Tal índice recomendación podría inferirse, también, de las solicitudes bajo demanda que recibiera la unidad para acometer trabajos de consultoría interna, en materia de comunicación, a solicitud de otras áreas de negocio que requieran de su concurso para enfocar mejor determinadas acciones que, a priori, estuvieran fuera de la jurisdicción de la FCI, si bien el catálogo de servicios puede contemplarlas1.

Conociendo los resultados de la auditoría de CI, ¿no merecería la pena dar un paso más y preguntarse por la reputación de misma? Sabemos cómo se produce, pero ¿nos interesa saber cómo se percibe2? ¿Obtenemos este mismo dato del análisis anterior? En cualquiera de los casos, para conocer la reputación no queda más remedio que plantearse una investigación ad hoc.

Pero también, a tal fin, se adapta el modelo RepTrakTM, de Reputation Institute, que ya ha dado pruebas de utilidad en los Global Reputation Pulse y que nos permite identificar fortalezas y debilidades al tenor de la percepción de audiencias y clientes internos, pudiendo inferirse de ello la importancia de cada factor en ese contexto dado y las variables clave de la CI sobre las que trabajar la percepción de su reputación y sobre la base de la segmentación de audiencias internas, pero ¡Ojo! teniendo cuidado de discriminar entre clientes y audiencias de la comunicación porque lo que también puede interesar es conocer el grado de convergencia/divergencia entre ambas percepciones. Por decirlo sencillamente. En un plan para comunicar una determinada acción institucional, el cliente podrá ser el comité de dirección, pero la audiencia, probablemente universal, serán los trabajadores. Y sobre lo ejecutado ambas percepciones coincidirán o no. En dicho planteamiento, no se podrá perder de vista, también, que hay que deslindar la función control y la función servicio que cualquier área central cumple, pues responde a un doble papel.

Además, en el caso de la CI, no cabe duda de que las prácticas de interacción exceden su ámbito formal, pues la comunicación en la empresa también se produce con independencia de la existencia de la función (FCI) y se continúa más allá de su marco conceptual, como también superando las fronteras de los canales institucionales y de cualesquiera otras políticas de información-comunicación que agreguemos a la lista. Pero ello no quita para que sea posible acercarse a la organización con la finalidad de extraer los sentimientos que despierta e identificar posibles áreas de mejora.
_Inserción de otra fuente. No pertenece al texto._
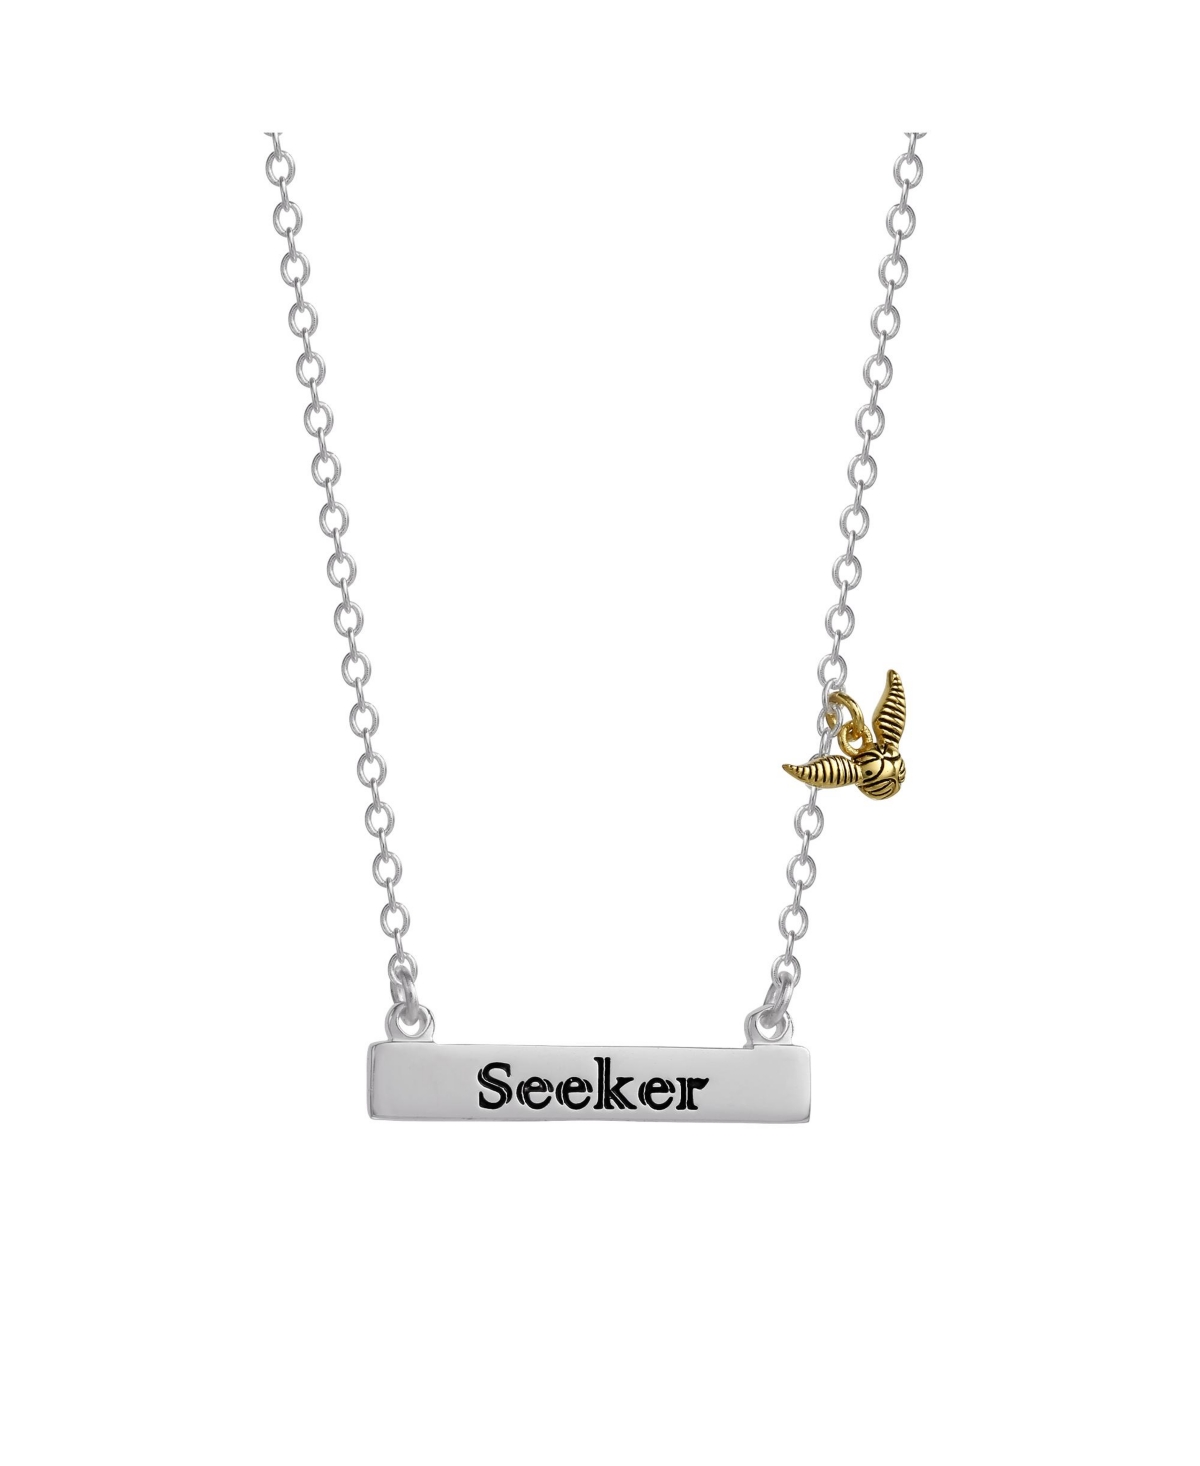 Seeker Bar Necklace with Golden Snitch Accent, 16 + 2'' - Silver tone

Admiración y respeto, Reputación conocida, Buena impresión y Confianza conforman los cuatro ejes de referencia del Pulse, por lo que es éste un modelo de análisis que me parece que se adapta perfectamente a la finalidad planteada. Modelo que, como es sabido, comporta 7 dimensiones de análisis que se configuran en torno a 23 atributos de reputación.
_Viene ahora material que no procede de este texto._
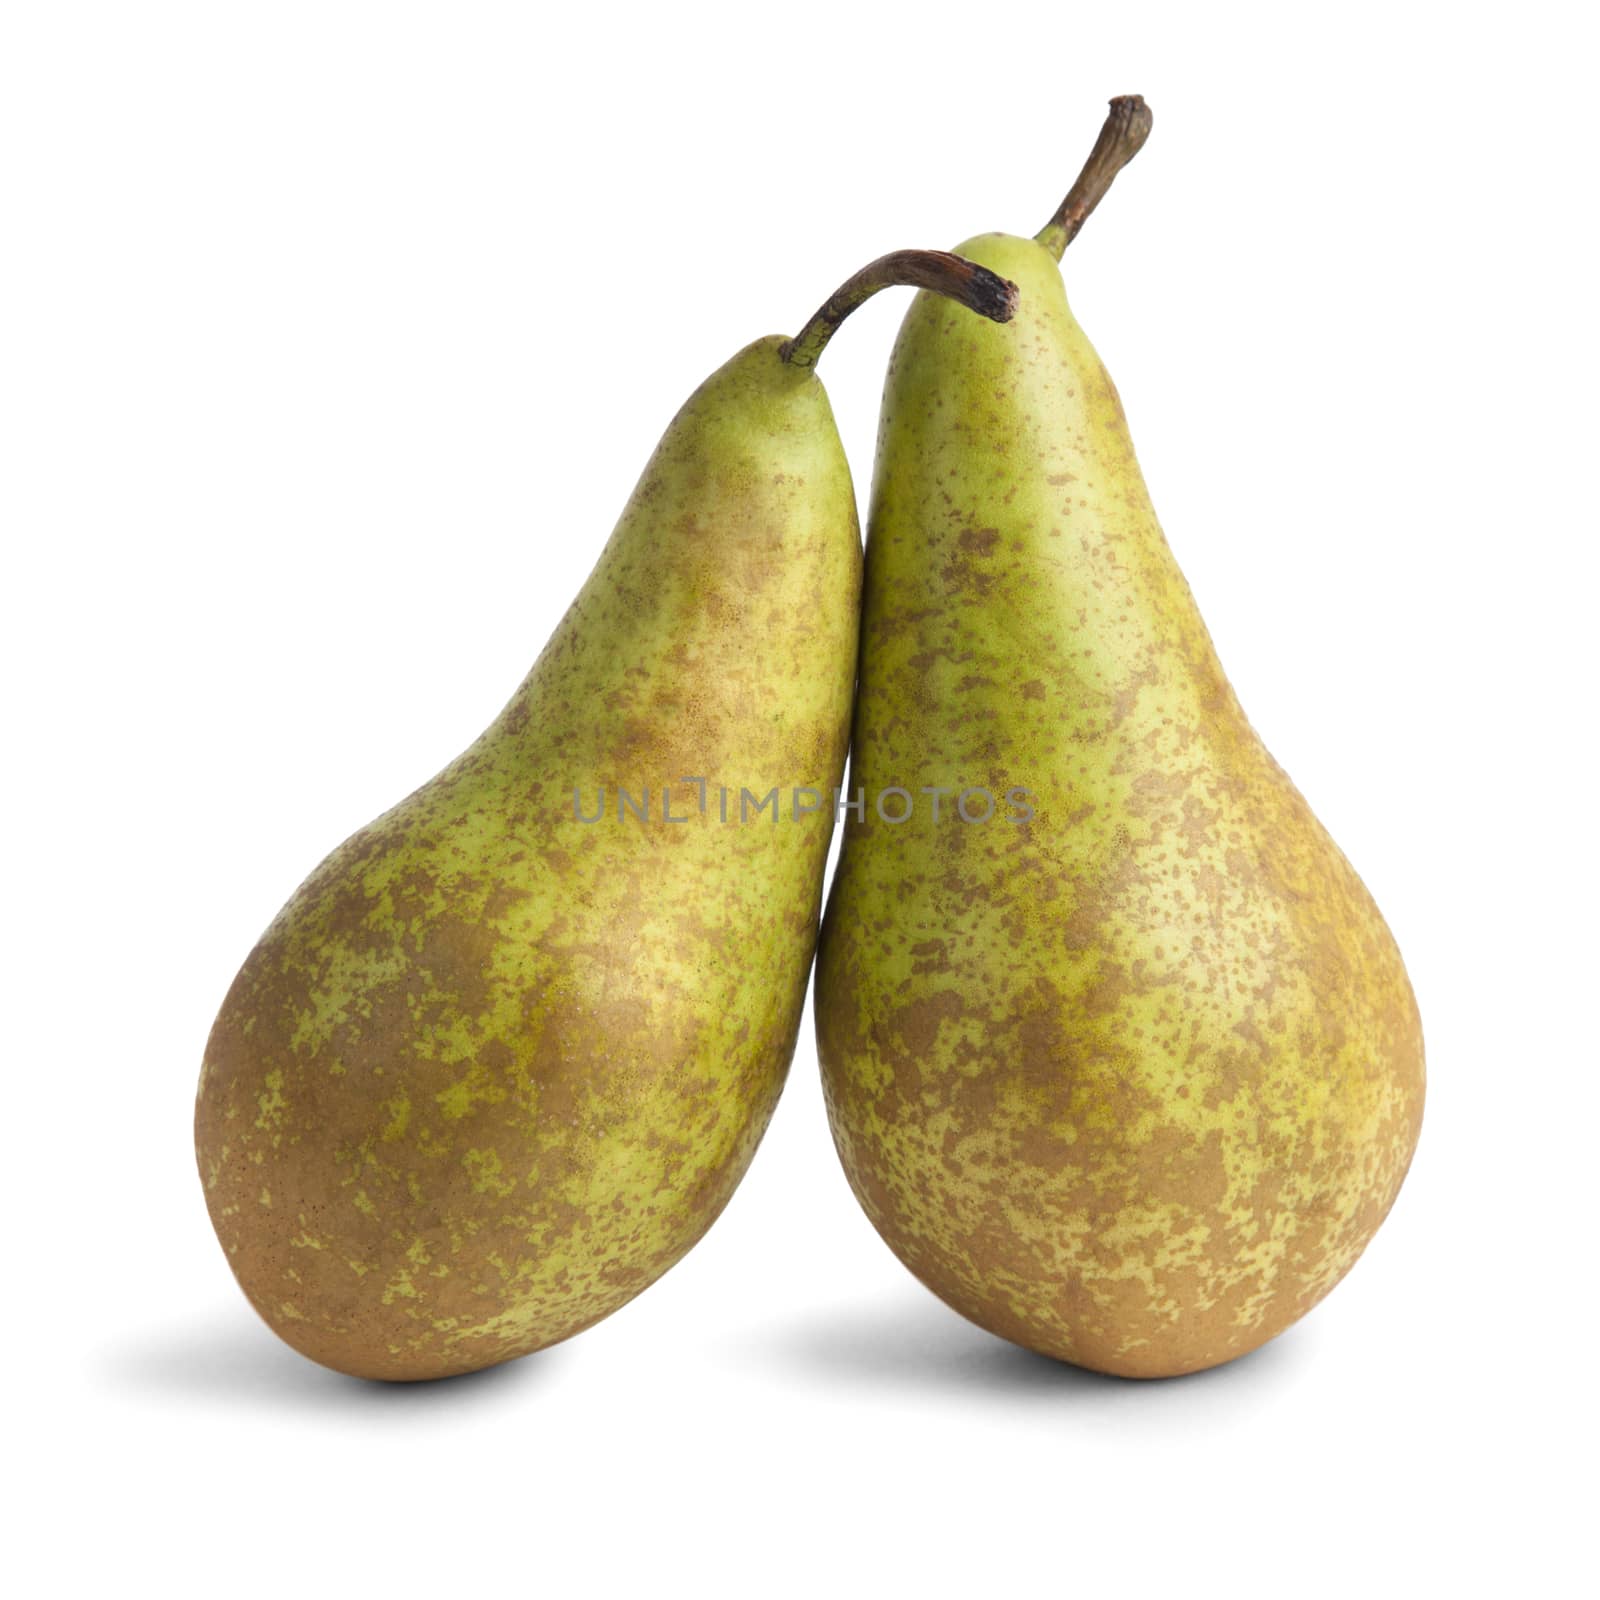 two pears by anelina

Inquieto por conocer la viabilidad de mi planteamiento, decido consultarle a Fernando Prado, Managing Director de Reputation Institute Spain, quien, además de útiles sugerencias, que recomiendan ampliar el alcance del planteamiento, me ha confirmado que, aunque de menor calado, es posible, siendo susceptible de afinarse incluyendo algunos de los atributos de comunicación que recoge el modelo de alineamiento estratégico ECQ®, cuestión que me parece importante reseñar ya que así se excede la función (FCI) y se abarcan otros ámbitos comunicacionales presentes en la empresa.
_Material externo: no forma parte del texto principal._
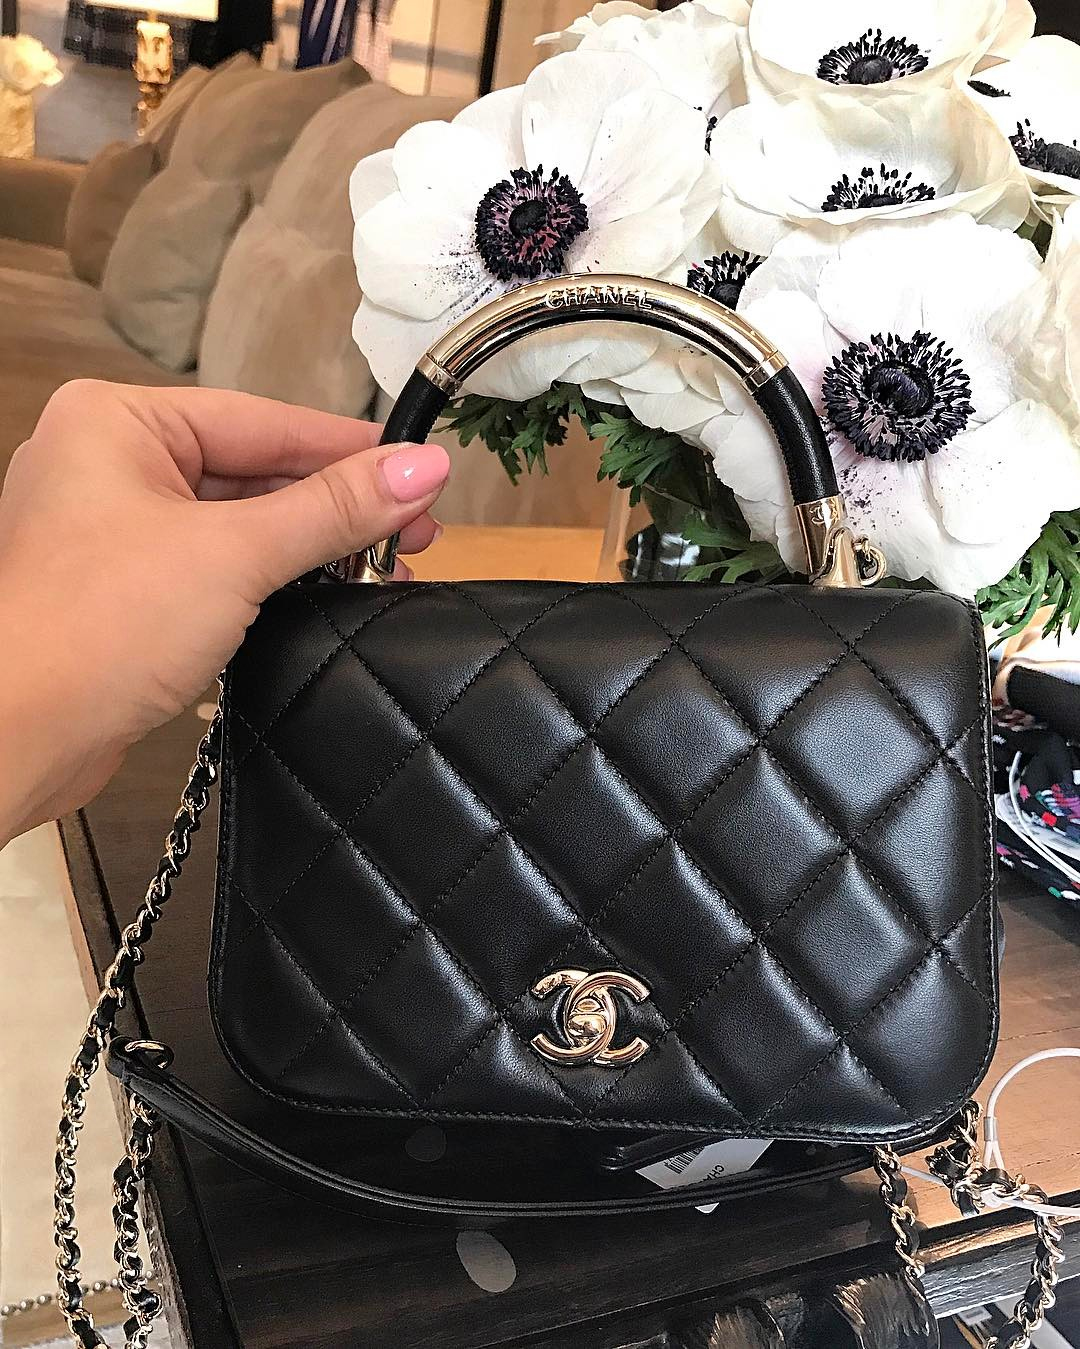 Chanel Carry Chic Bag Collection - Blog for Best Designer Bags Review

Sin duda, abordar un estudio de este tipo es dar un paso adelante, pero también abre nuevas líneas de debate interno.

¿Interesa que la CI se proponga avanzar en solitario? ¿No es verdad que la comunicación es divisible a efectos teóricos, pero no prácticos? ¿Hasta qué punto podemos realmente aislar la acción CI de otras variables y actores? ¿Interesará hacerlo? ¿Verdaderamente la reputación de la CI es la de la Función (FCI) o se encuentra tamizada de vivencias personales que podrían no corresponderse con la FCI? ¿Es viable el uso de indicadores de alineamiento estratégico cuando puede que la FCI no esté considerada como una función estratégica? ¿Realmente nos interesa conocer la reputación de la CI o tenemos que hacer depender su resultado de otros factores? ¿Interviene ésta en los comportamientos de los trabajadores? Y si es así, ¿en qué porcentaje? Y si es verdad que interviene con un peso, ¿qué otras variables pueden contrarrestar o reforzar la acción FCI? Y así podríamos continuar…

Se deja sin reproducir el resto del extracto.